We will have to see whether this kind of technical leadership converts into swift mass-market adoption or not.
In early 2002 Intel became the first chip manufacturer to release a
processor incorporating a new technology known as Simultaneous
Multithreading, or SMT. Intel's SMT implementation (dubbed Hyper-Threading
or HT) has been available in their Xeon processor line for over a year, with
little fanfare. In April 2003, Intel announced that HT technology will be
added to its desktop-focused Pentium 4 line of processors. With HT enabled
on one of these new systems, the BIOS will present a single processor to the
operating system as two logical processors.
As Java developers, we should all be excited about this new feature of
Intel processors. The java.lang.Thread object was one of the key factors
driving Java to the strong position it enjoys in the server-side
applications market. Both client and server applications written in Java
often make heavy use of threads. Indeed even if an application does not use
threads explicitly, all JVMs will use at least one background thread the
garbage collector. SMT holds the promise of significantly increasing Java's
server-side performance by more completely utilizing existing processor
cycles in multithreaded applications.
This article attempts to explain the concepts of Simultaneous
Multithreading in layman's terms, presents the development of an n-thread benchmarking suite, and uses that suite to produce concrete results of multithreaded benchmarks on HT and non-HT systems. We'll investigate various operation types to determine the factors
that affect Java performance enhancements on Hyper-Threaded processors.
Finally a series of conclusions and speculations are derived from the data collected.

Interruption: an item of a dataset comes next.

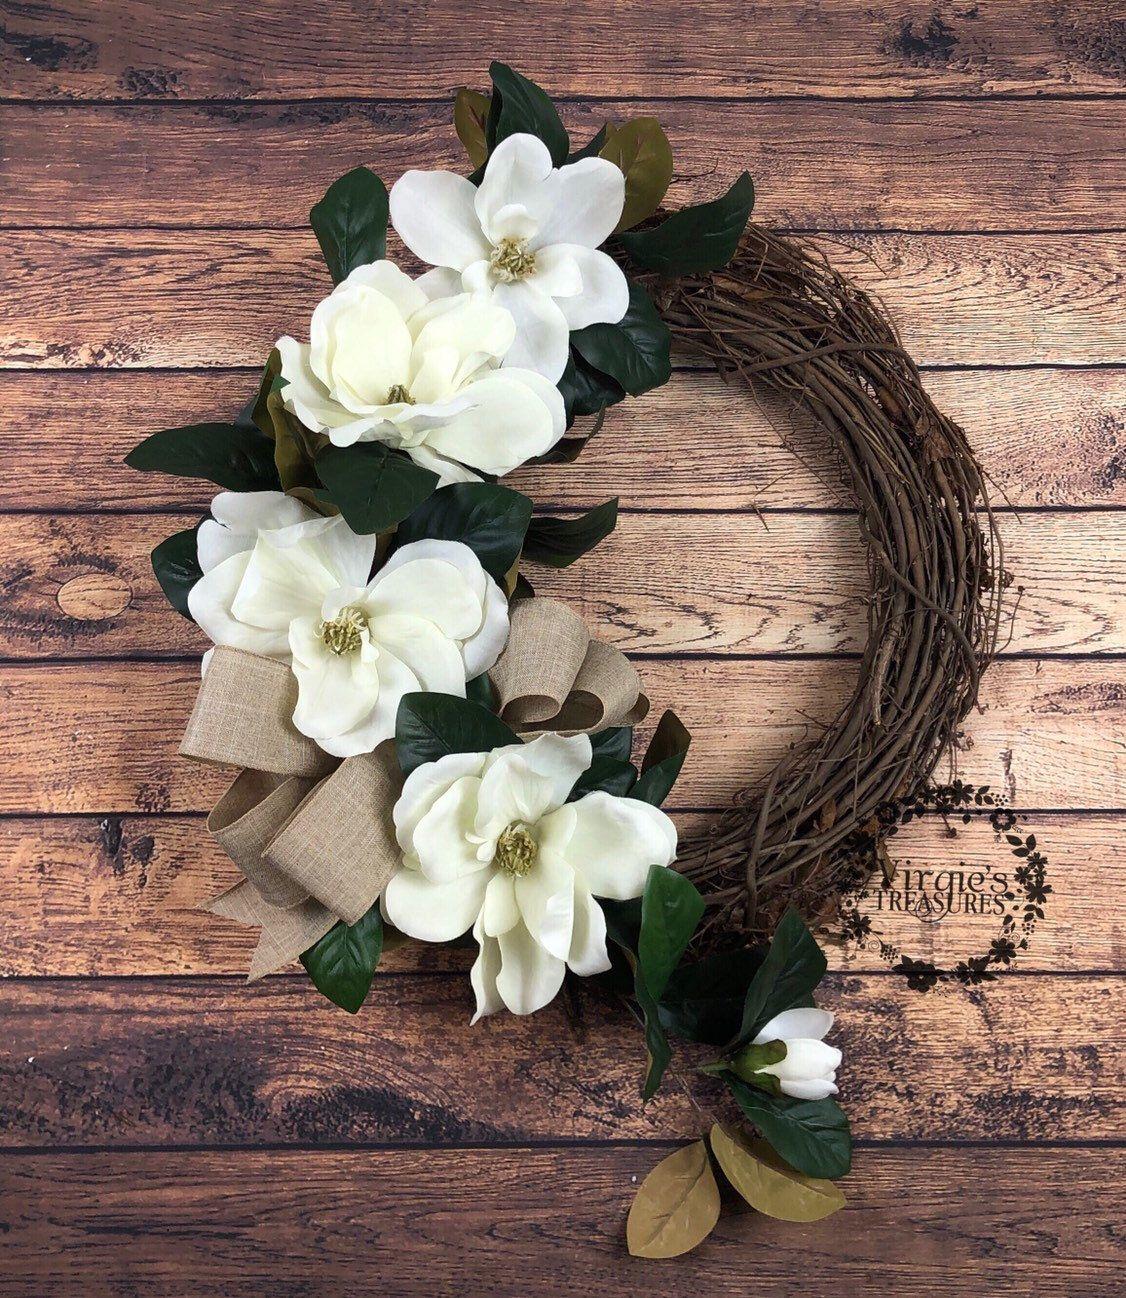 Photo of Magnolia wreath, cream magnolia wreath with bow-magnolia wreath-magnolia wreath-farmhouse magnolia wreath-farmhouse wreath bestseller
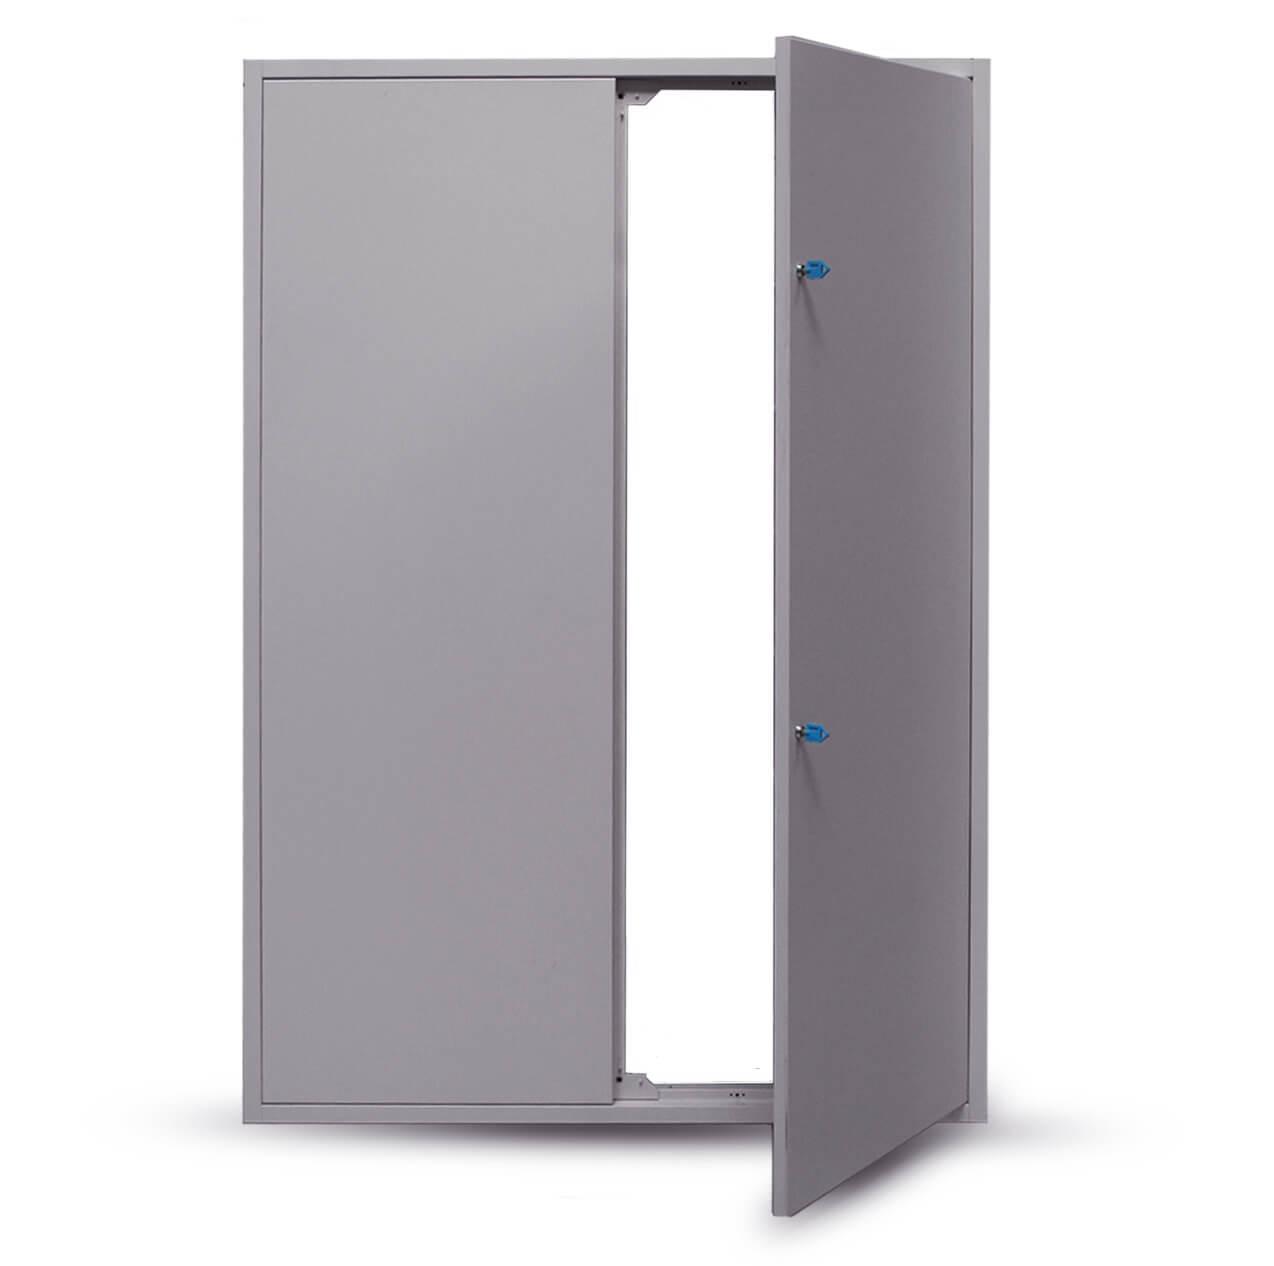 Premium Range Wall Double right door open

Understanding Symmetric Multithreading on Intel Processors
Intel processors with HT technology carry two copies of the processor's
architectural state on the same chip. This second architectural state stores
a second thread context. Conceptually, this type of processor architecture
splits each physical processor into two or more logical processors. Physical
SMT processors present themselves to the operating system as separate
logical processors. As we'll see later, it can then become important for the
operating system to be aware of and to differentiate between logical and
physical processors. Figure 1 illustrates the difference between SMT and
non-SMT processors.
What is the benefit of SMT? As it turns out, the more expensive
processor resources can find themselves underutilized while an active thread
performs long latency operations. A cache miss, for instance, will require
the processor to make a request to main memory. The majority of the
processor's resources remain idle for this period of time; however, the
processor presents itself to the operating system as busy. SMT systems use
this slice of time to execute the operations of another on-chip thread
context.
SMT processors contain an onboard scheduler to interleave multiple
threads operating on the physical processor. If a thread encounters a long
latency, the processor will immediately execute the instructions of the
second on-chip processor state. For two threads accessing the same processor
resources, the onboard scheduler will interleave the threads much the same
as a software thread scheduler. This interleaving has a small amount of
overhead, which can decrease the efficiency of the processor in certain
situations. On an aggregate basis, however, processor performance is
increased.
Using SMT it becomes apparent that depending on the work that each
thread is doing on adjacent logical processors, we could see performance
increases or decreases. Various papers (see references) studying
multithreaded performance indicate generally positive results, with some
research indicating perceived performance gains as high as 50%.
HT-Enabled Systems
Intel Hyper-Threading requires support from three fundamental components
of a system:
The processor
The chipset
The operating system
Processors Supporting HT
Hyper-Threading was incorporated into the Xeon class processors in early
2002. Xeon is not to be confused with Pentium III Xeon. When Intel changed
the Xeon's core to P4, it dropped the P4 designation, calling the processor
simply Xeon. Recently, HT has found its way to the desktop P4 processor. Not
all processors in each of these processor classes are capable of
Hyper-Threading, however.
Table 1 indicates which processors support Hyper-Threading. The table
also indicates factors that you can use to determine whether a given Intel
processor supports HT.
With the release of the 3.06GHz Pentium 4, Intel changed the P4 logo,
incorporating the letters H and T to indicate that it's a Hyper-Threading
processor.
All recent Xeon processors support Hyper-Threading, but again, be sure
to watch out for the 256KB L2 Cache version, which does not.
Chipset Support for HT
Not all chipsets support HT. Check with your chipset manufacturer to
ensure that you can enable and disable HT support via the BIOS.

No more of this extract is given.